Synthetic data generation – one of the keys to automated driving development

News & insights

Check our latest stories on automated driving


Written by Luca Csanády / Posted at 10/5/22

Synthetic data generation – beating the data challenge of automated driving

Data is critical to neural network (NN) development. Automatic annotation is the most effective and cheapest way to generate training and validation data from real-world recordings. But what about hard-to-capture scenarios or corner cases that hardly ever occur in real life? Automated driving systems still need to be aware of such events.

aiFab adds onto aiMotive’s proprietary simulation solution, aiSim. It is based on an aiMotive’s in-house developed, deterministic, physics-based, ISO26262 certified rendering engine, and it can be used to generate highly realistic, multi-modal ground truth to train and test perception solutions. 

aiFab architecture

aiSim is a uniquely firm foundation for aiFab. One of aiSim’s key features is realistic sensor simulation with physically correct weather simulation. Sensor simulation is based on raytracing technology, allowing for hyper-fidelity, especially with no real-time constraints present during data generation. Moreover, the environment (including the weather) is consistent throughout all sensor modalities, allowing you to generate synthetic data for multi-modal perception solutions as well. 

On top of this, aiFab provides tooling which makes it easier to use aiSim for synthetic data generation.

Firstly, it supports the simple generation of scenarios at scale, with domain randomization, to replicate the great variability in real world data. There are multiple ways for randomizing parameters, including Monte Carlo randomization and setting parameter constraints and dependencies. Such parameters may represent various properties of the scene, such as lateral and longitudinal offset, differential velocity, color, time of day, etc. Using equidistant or random sampling of the parameter space, a generic scenario template can be used to generate a massive variety of similar scenarios, but using slightly different parameters.
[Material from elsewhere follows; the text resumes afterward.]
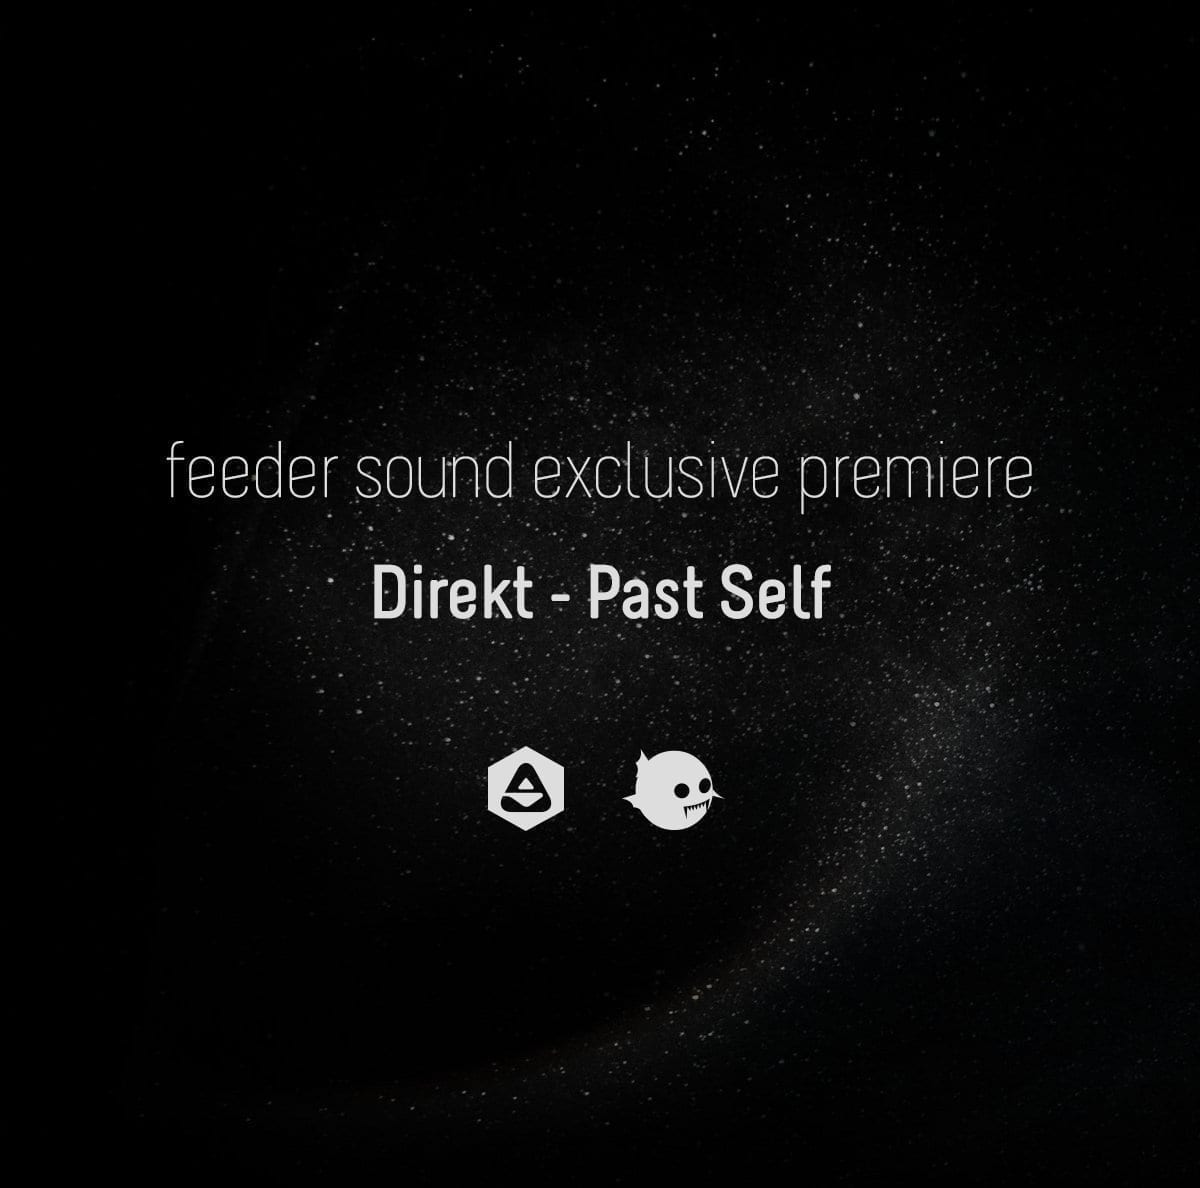 direkt - past self 01

The generated scenarios can then be submitted to a rendering cluster for parallel processing, to enable rendering time to scale with the allocated rendering capacity, on-premise, or on demand in the cloud.
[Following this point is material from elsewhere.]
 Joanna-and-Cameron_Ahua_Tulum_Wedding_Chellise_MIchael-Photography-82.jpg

Once the data is generated, it provides various statistics and visual feedback on the generated data, so that the users can have a detailed understanding of what type of objects were in which  locations in the world, under what conditions, and so on. 

Object Position Scatter Plot

Furthermore, there are post process tools that make the generated data appear even more realistic to the perception neural network. aiMotive has developed an algorithm, known as a reality filter, which is responsible for altering the synthetic images in a way that makes them resemble real data for the NN, reducing the domain gap between real and synthetic datasets. It is also on our roadmap to extend its capabilities for further sensor modalities. 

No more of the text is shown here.